## Dataset excerpt:

• • • • •

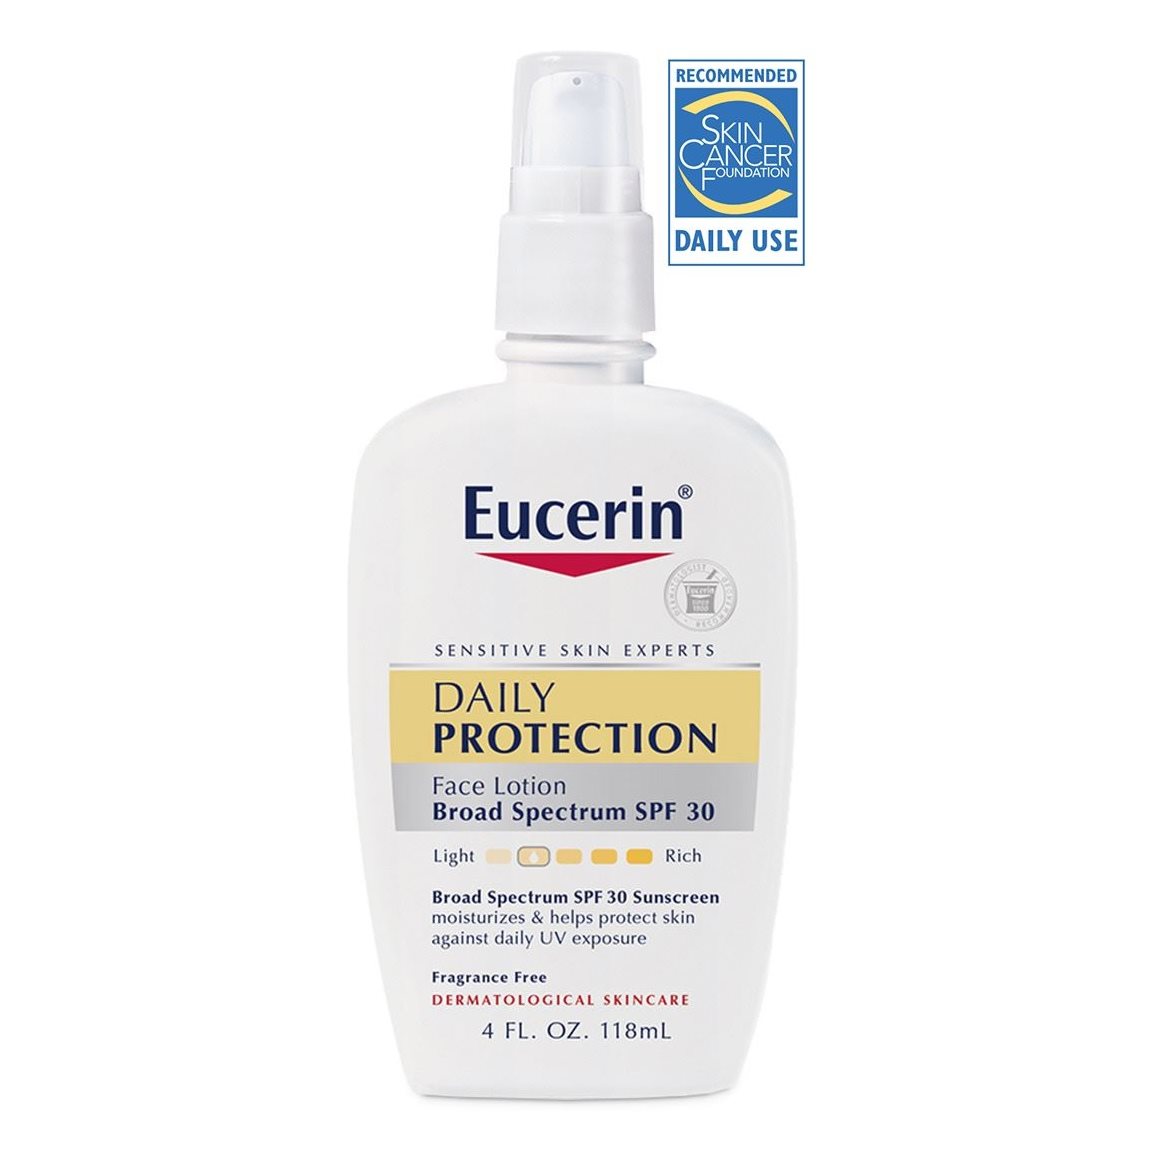 Daily Protection Face Lotion Broad Spectrum SPF 30
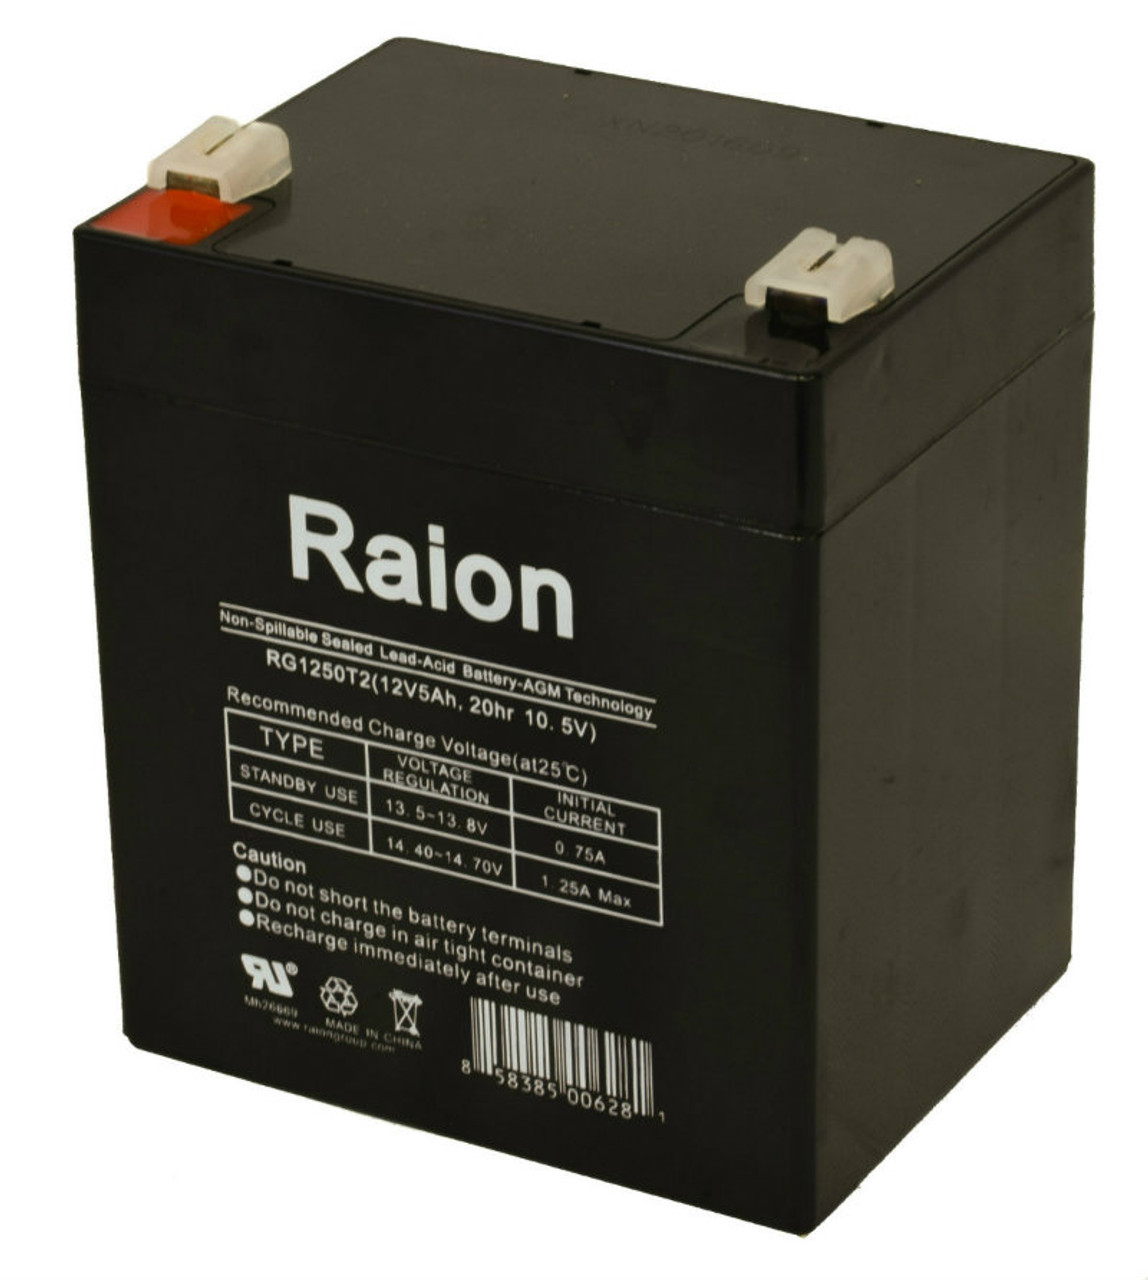 Raion Power 12V 5Ah Replacement Fire Alarm Control Panel Battery for Digital Security BD 712
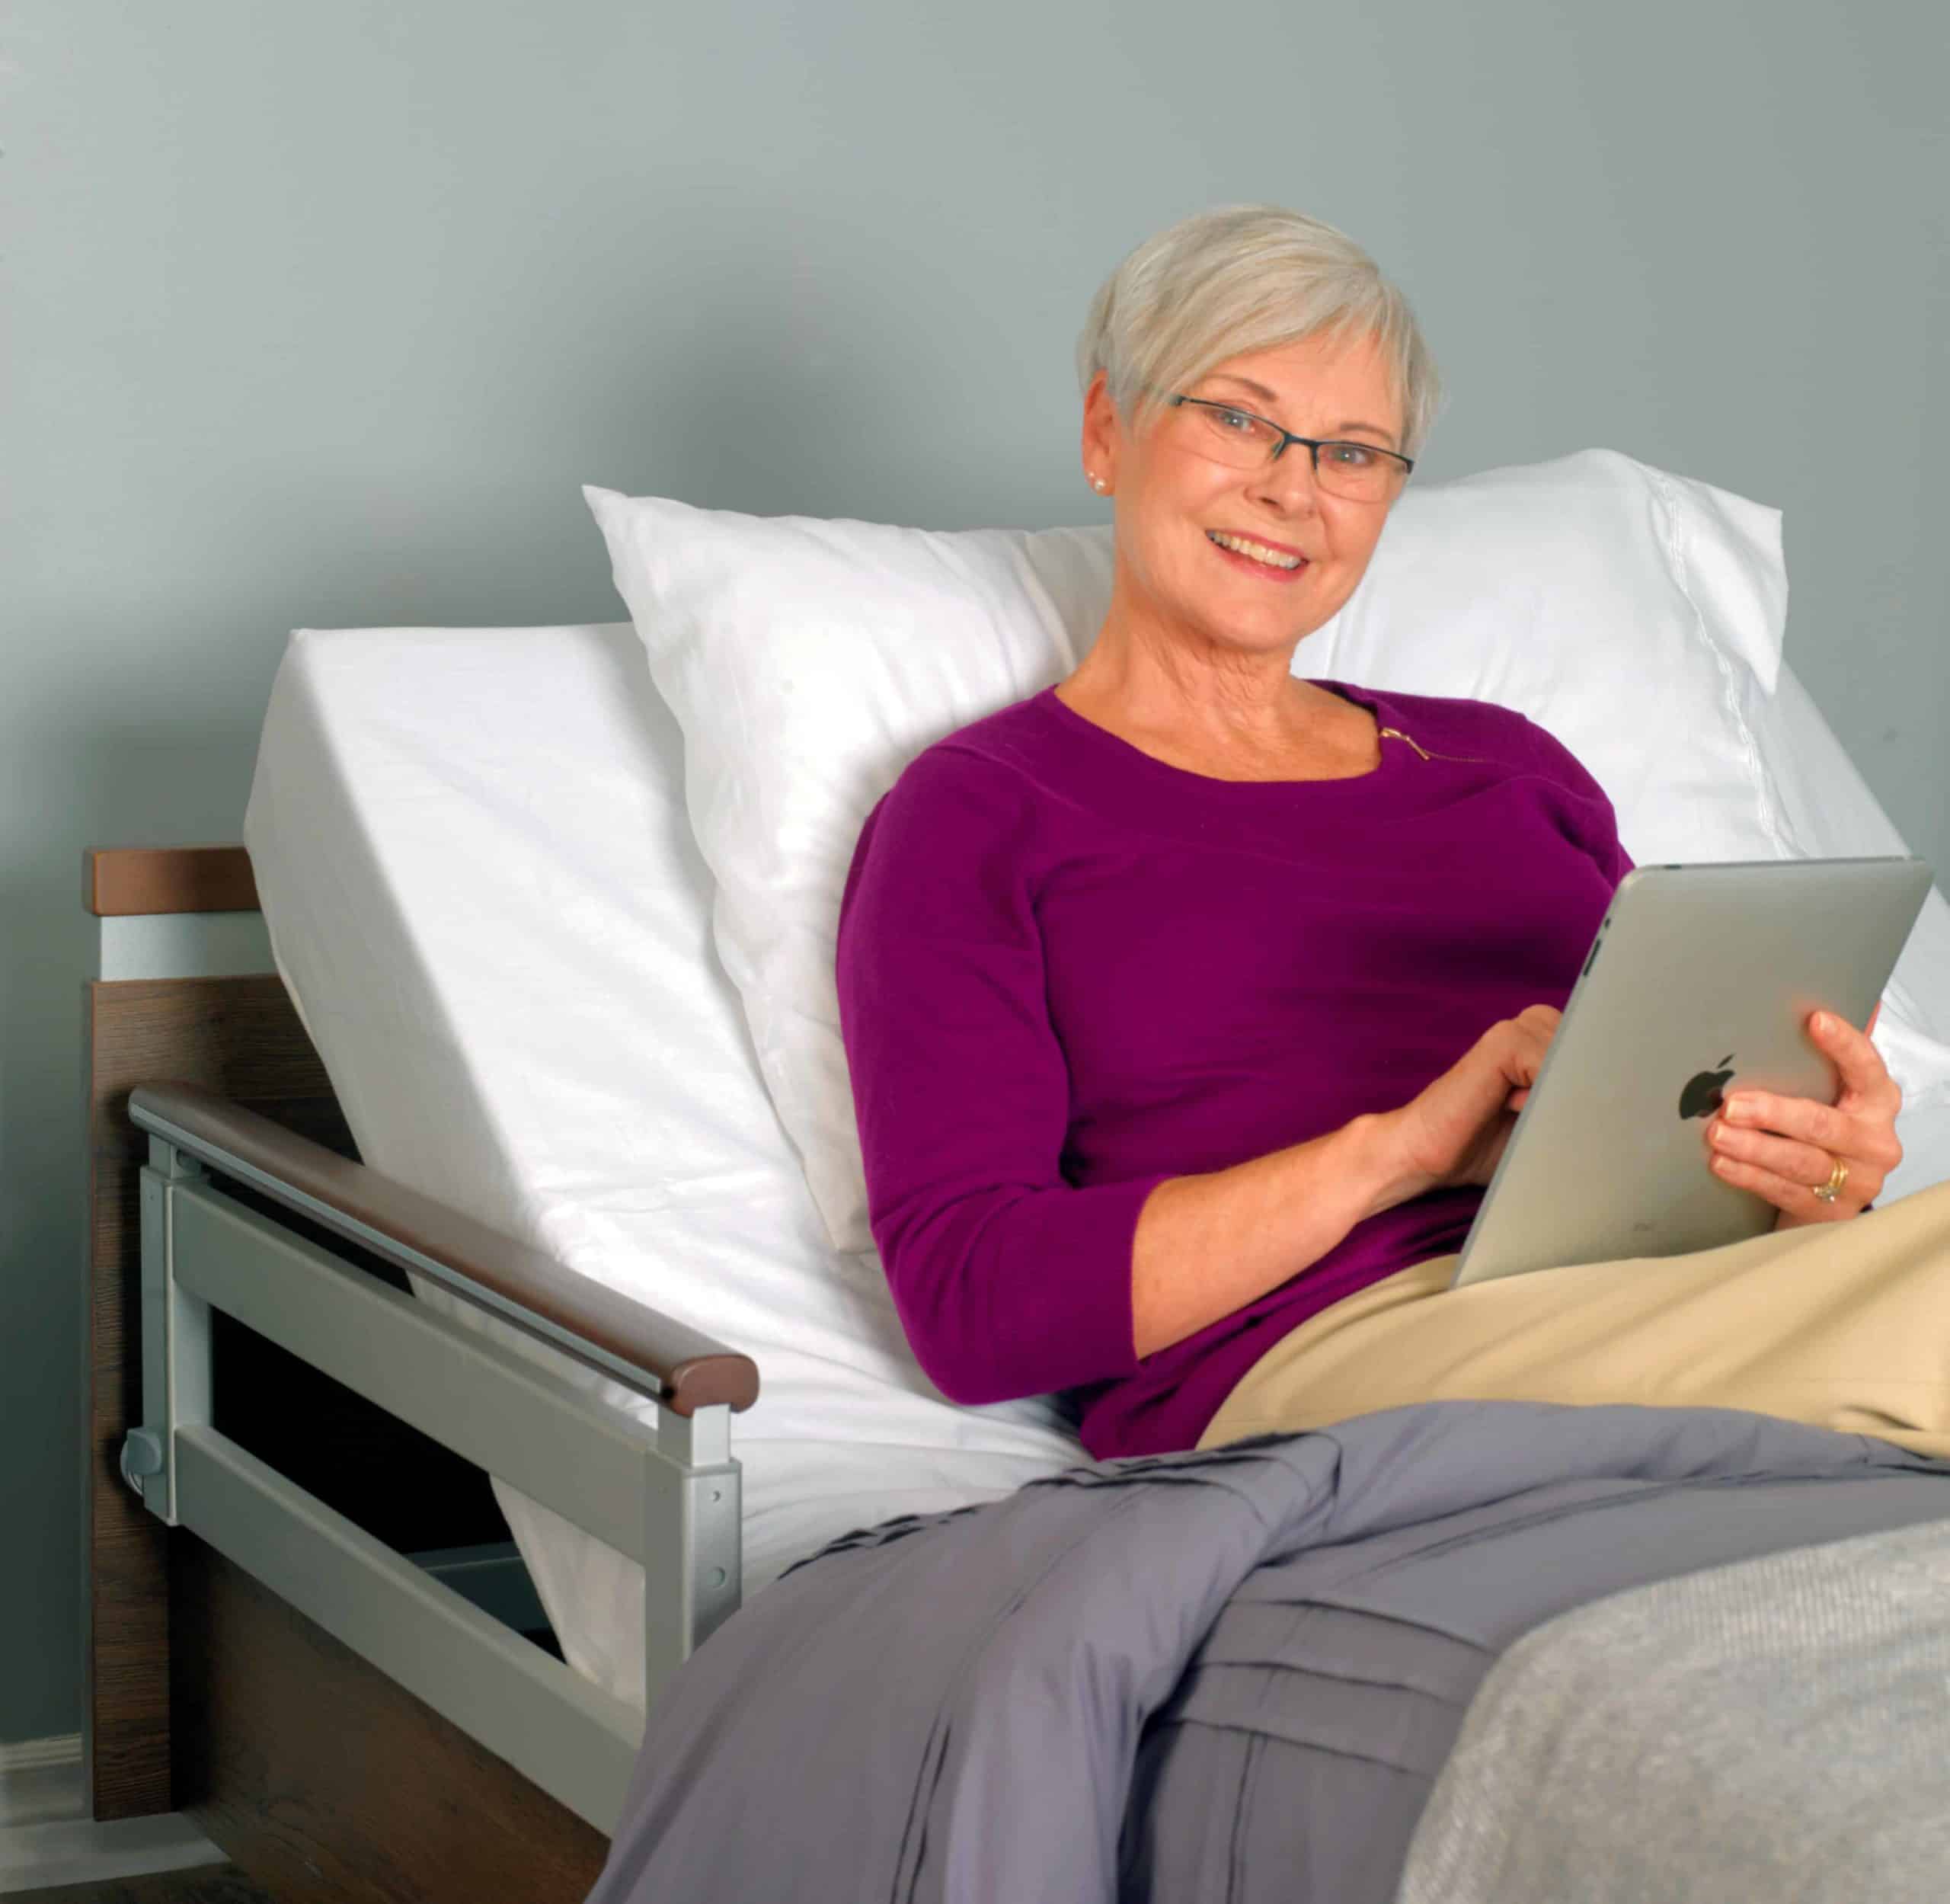 a woman sitting on a bed with a tablet.

• • • • •

## Task requirements:
Return the listing above word for word. Keep the images out.

## Solution:
 Daily Protection Face Lotion Broad Spectrum SPF 30
 Raion Power 12V 5Ah Replacement Fire Alarm Control Panel Battery for Digital Security BD 712
 a woman sitting on a bed with a tablet.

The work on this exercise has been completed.